An inference API is the operational interface that exposes a trained model for live prediction or generation. In NHI and agentic AI environments, it sits at the boundary between the model, the calling application, and any downstream workflow that consumes its response. The interface itself is not the model; it is the control point where inputs, identity, authorization, rate limits, logging, and output handling are enforced.

Definitions vary across vendors when inference APIs are bundled with chat endpoints, embedding services, or tool-calling surfaces, so practitioners should treat the term as a governance boundary rather than a product label. For an external baseline on governance and control mapping, see the NIST Cybersecurity Framework 2.0. In NHI terms, the important question is not only whether the model is accurate, but whether the API is protected against secret exposure, unauthorized automation, prompt abuse, and unsafe propagation into other systems.
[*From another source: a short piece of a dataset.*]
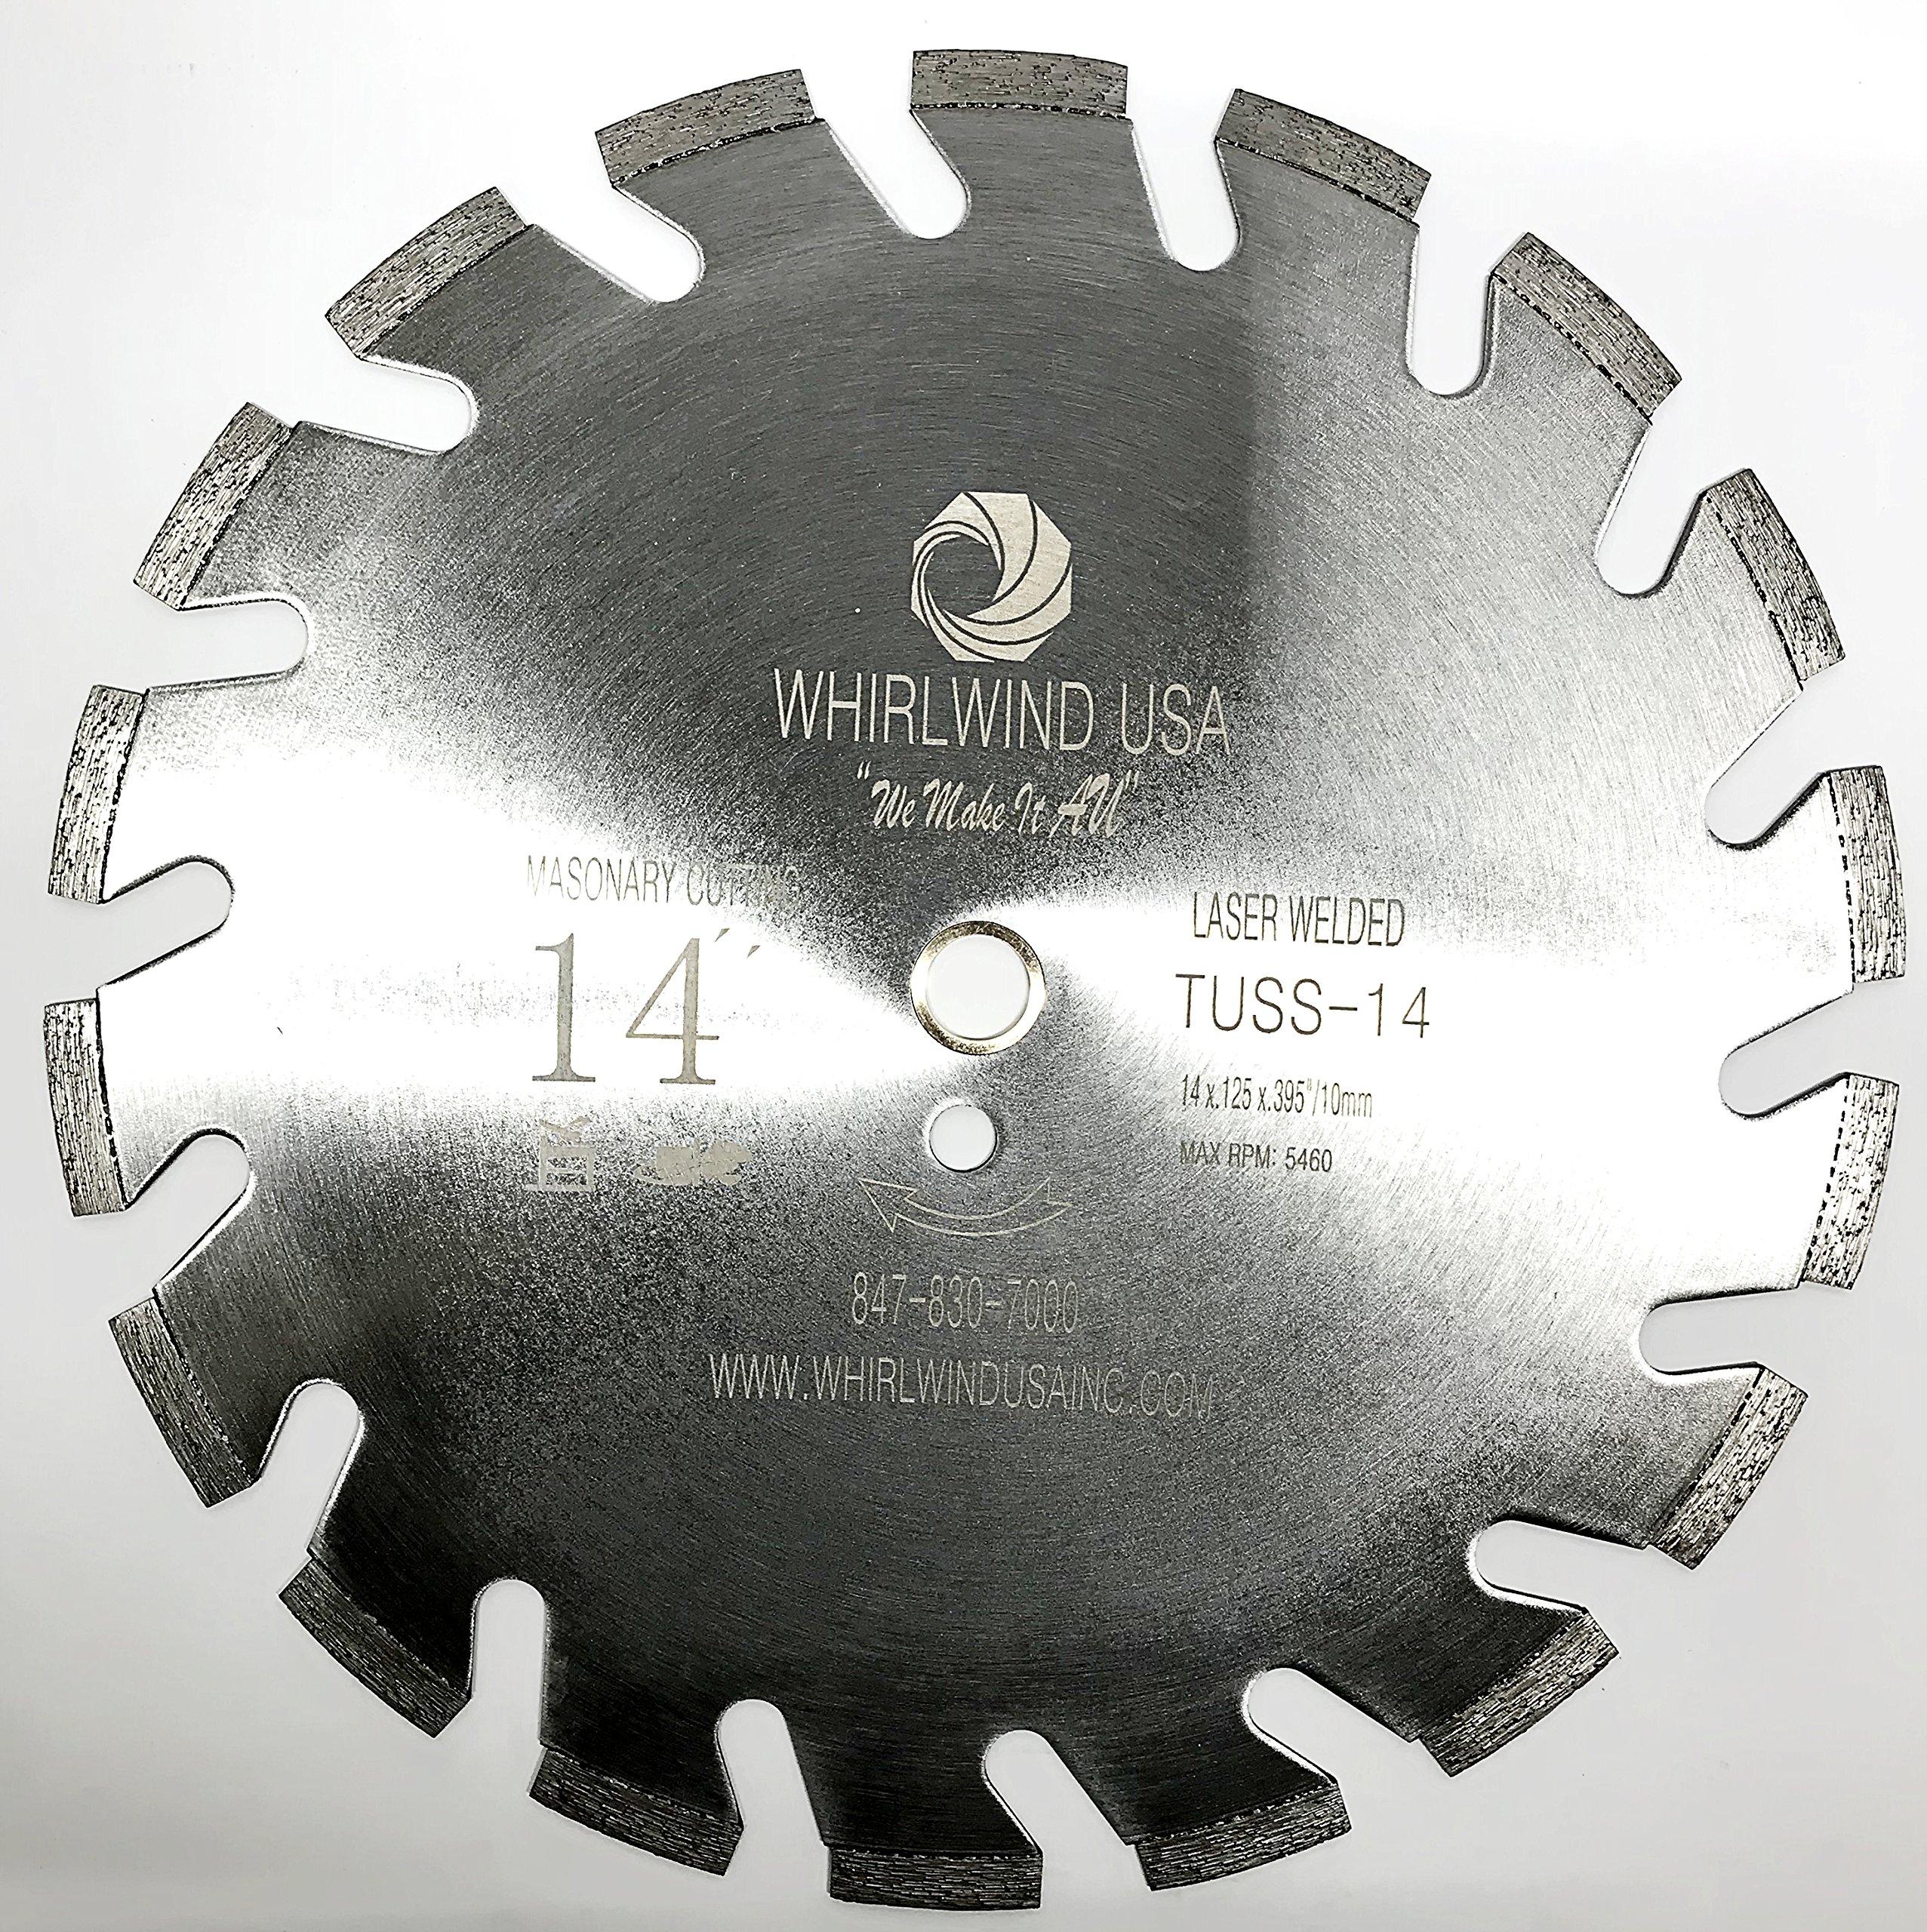 Whirlwind USA TUSS 14 inch U Slot Laser Welded Dry or Wet Power Saw Segmented Masonry Diamond Blades (Factory Direct Sale) (TUSS 14'')

The most common misapplication is treating an inference API like a routine application endpoint, which occurs when teams ignore model-specific abuse paths, identity checks, and downstream trust assumptions.

Examples and Use Cases

Implementing an inference API rigorously often introduces latency, policy friction, and additional identity checks, requiring organisations to weigh automation speed against control depth.

  • A customer support app calls a model endpoint for ticket summarization, but only after the workload presents a short-lived credential and passes policy checks.
  • A code assistant sends prompts to an inference API, while the platform strips secrets from input and records requests for abuse detection.
  • An internal workflow uses model output to trigger approvals, but downstream systems verify the caller’s NHI rather than trusting the text response alone.
  • A regulated team exposes an inference API through a gateway, applying quotas and content filtering to reduce mass misuse and data exfiltration risk.
  • An engineering org reviews the API as part of its broader NHI inventory, using the Ultimate Guide to NHIs to align runtime access with service-account governance.
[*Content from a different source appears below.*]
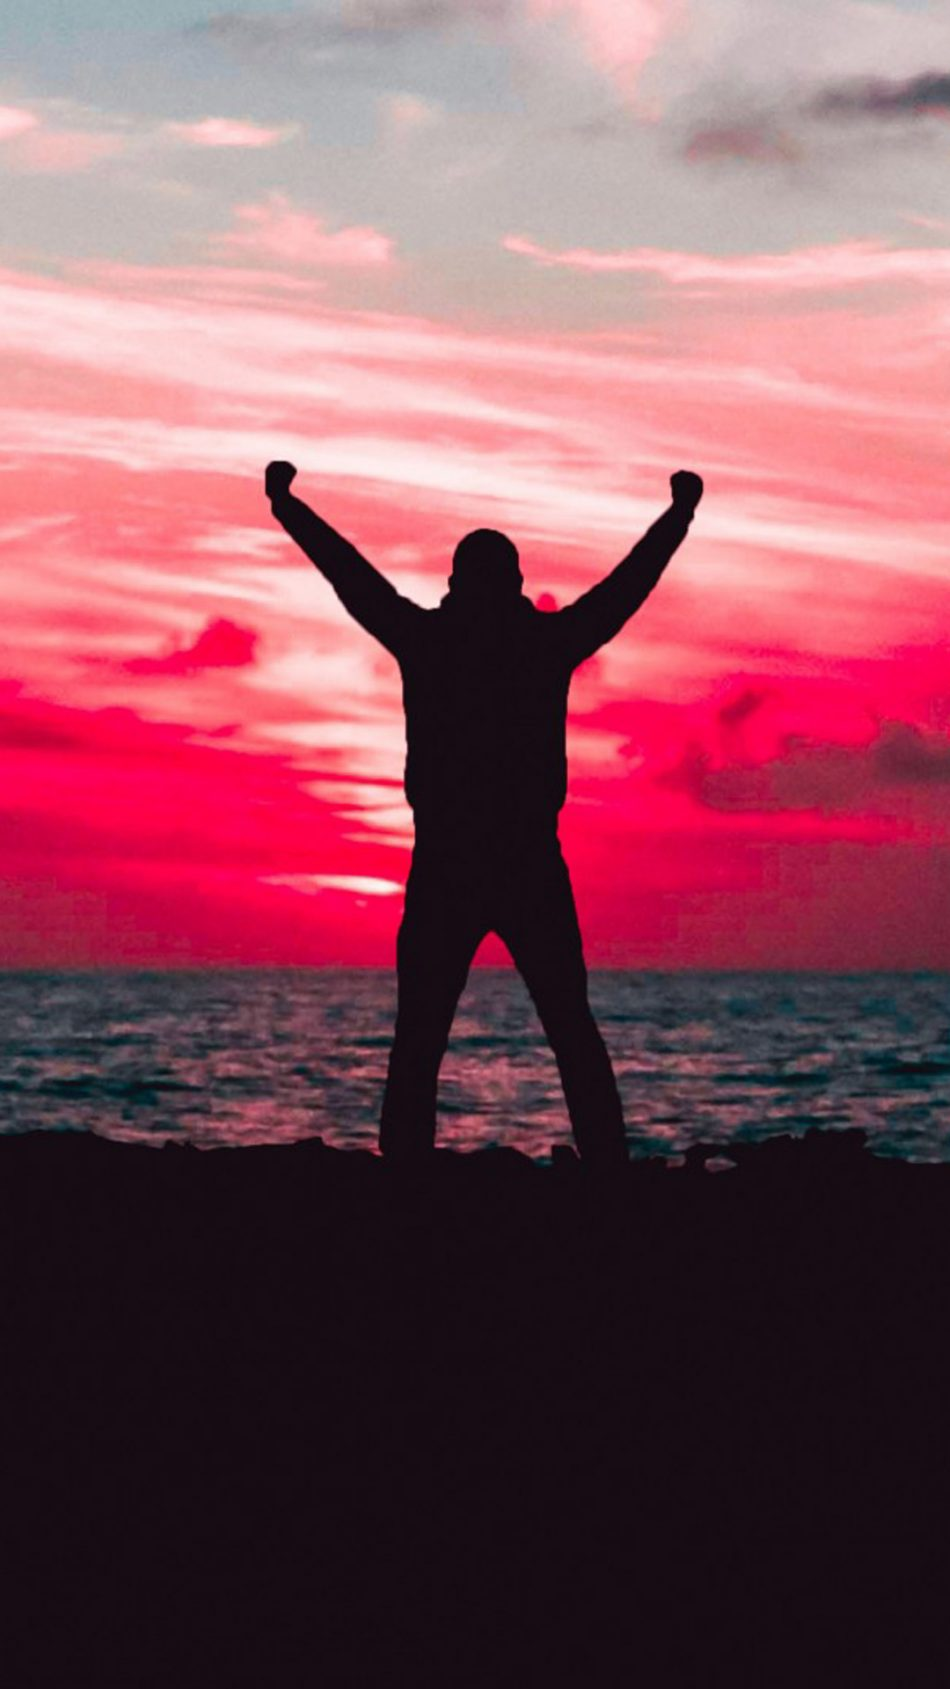 Silhouette Man Sunset Beach HD Mobile Wallpaper

These patterns reflect the same control logic described in the NIST Cybersecurity Framework 2.0: identify, protect, detect, and respond around a living service boundary rather than assuming the model is self-protecting.

Why It Matters in NHI Security

Inference APIs are high-value because they often become the easiest path from external input to privileged internal action. If a secret is embedded in a client, if the endpoint lacks rate limiting, or if output is consumed automatically without validation, attackers can turn a model interface into a data-loss channel or an execution bridge. That is why NHI Management Group treats inference APIs as a governance surface, not just a technical endpoint.
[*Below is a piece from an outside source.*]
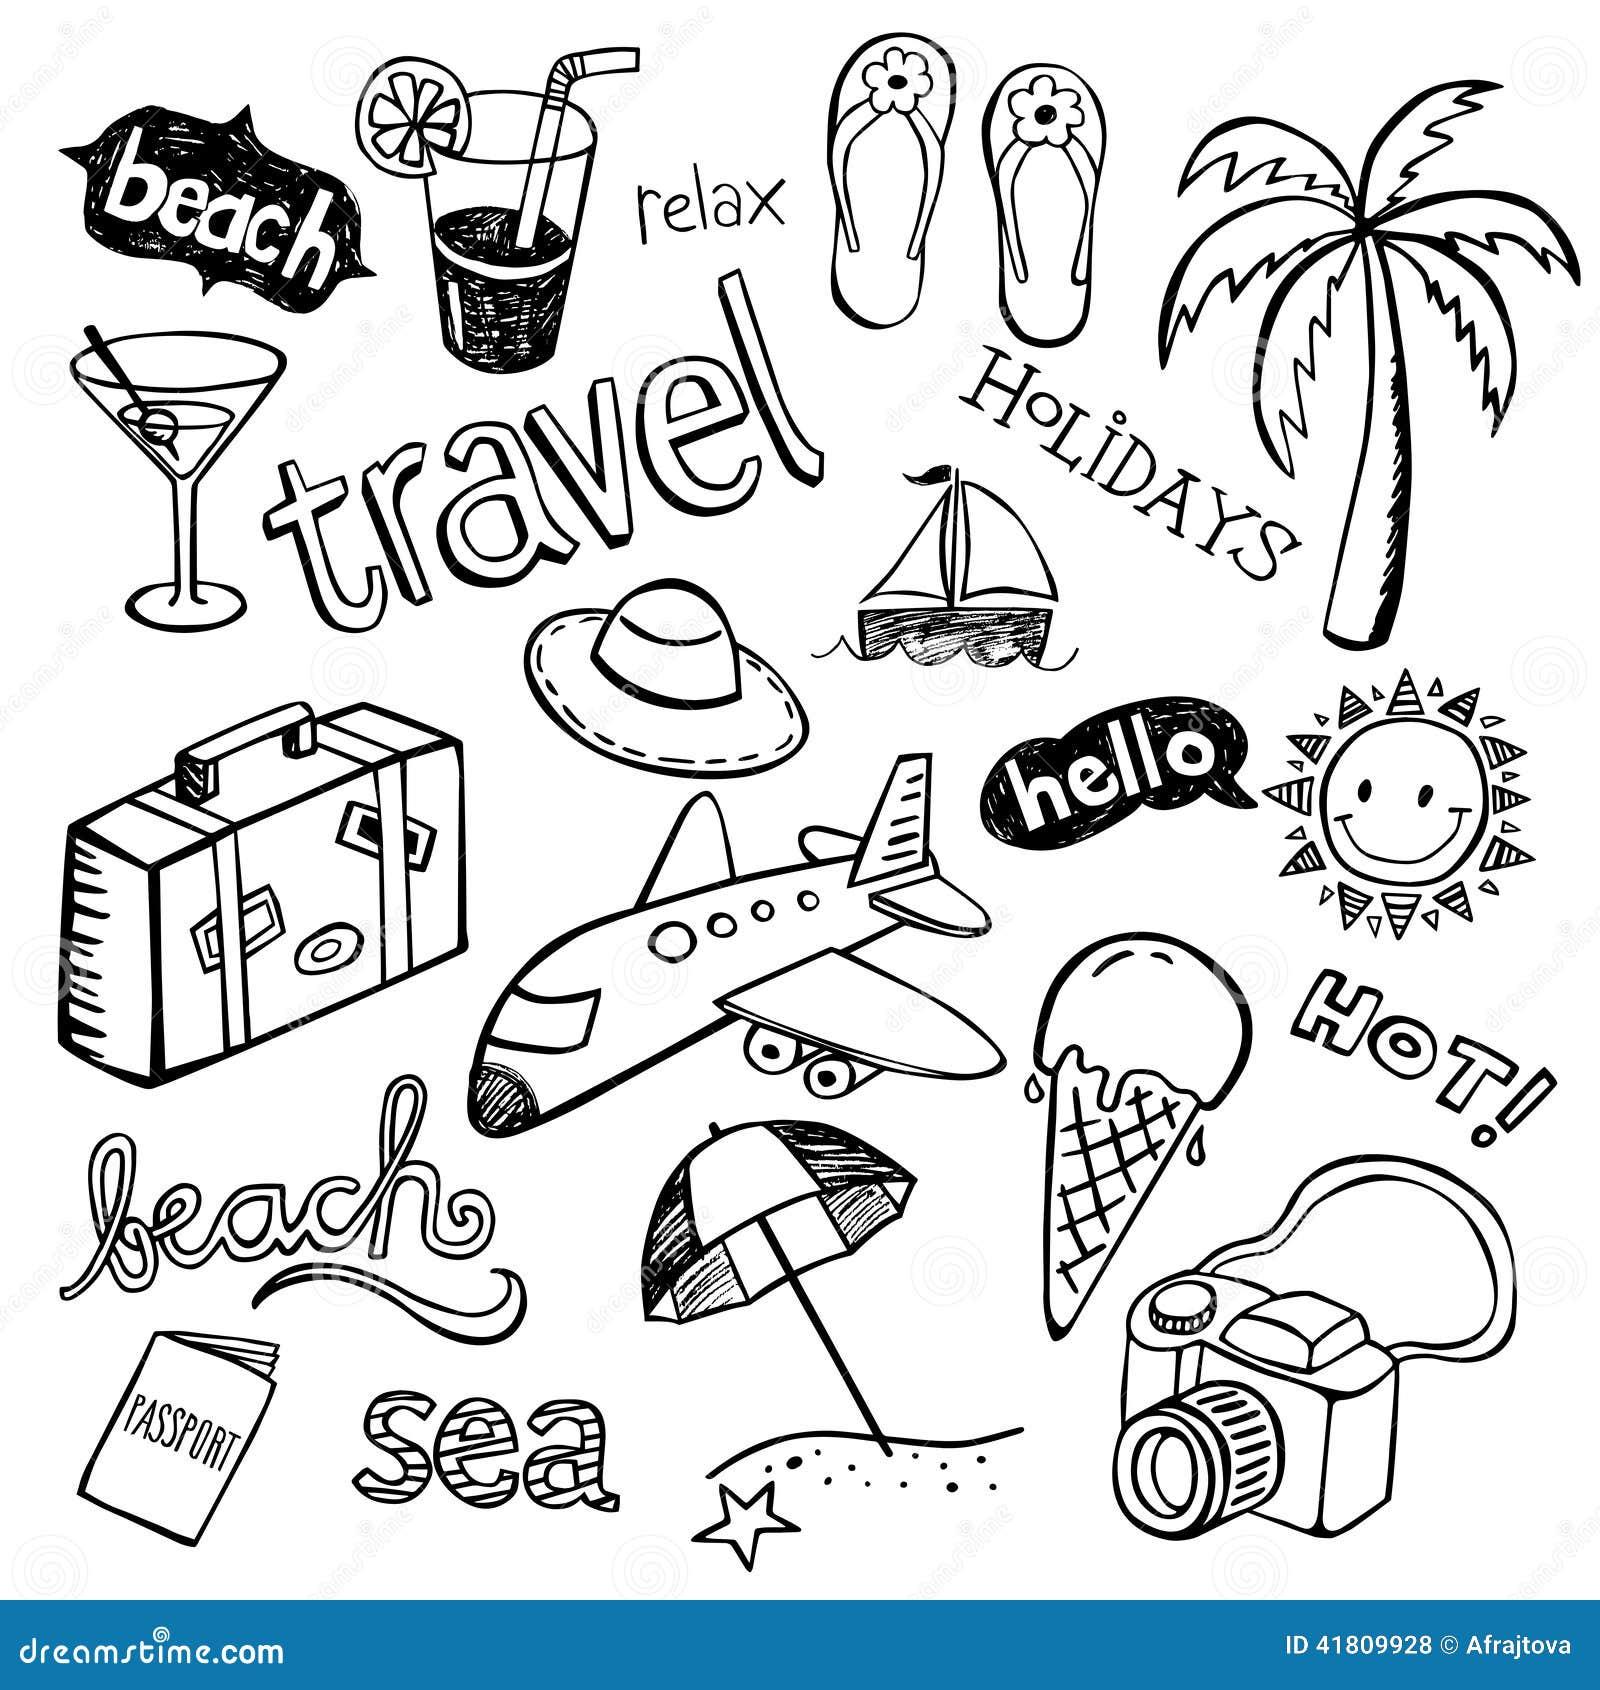 Beach Doodles Stock Vector. Illustration Of Flops, Flight

The risk is amplified by the broader NHI problem: NHI Mgmt Group reports that 97% of NHIs carry excessive privileges, which broadens the blast radius when an inference pathway is abused. A related concern is that 80% of identity breaches involved compromised non-human identities such as service accounts and api key, making the API token itself a likely point of failure. In practice, this means the endpoint must be governed with least privilege, rotation, logging, and explicit trust boundaries. Organisations typically encounter the true impact only after a prompt-injection incident, token leak, or downstream automation error, at which point the inference API becomes operationally unavoidable to address.

Standards & Framework Alignment

This section maps relevant standards and security frameworks to the operational risks and controls described in this guidance.

OWASP Agentic AI Top 10 and OWASP Non-Human Identity Top 10 address the attack and risk surface, while NIST CSF 2.0 set the governance and control requirements practitioners need to meet.

Framework Control / Reference Relevance
OWASP Agentic AI Top 10 Covers agent-facing model endpoints, tool misuse, and unsafe output handling.
NIST CSF 2.0 PR.AC-4 Inference APIs need least-privilege access and strong authentication at the boundary.
OWASP Non-Human Identity Top 10 NHI-02 Inference APIs often expose secrets and privileged tokens if poorly isolated.

Treat inference endpoints as attack surfaces and enforce input, output, and tool-use controls.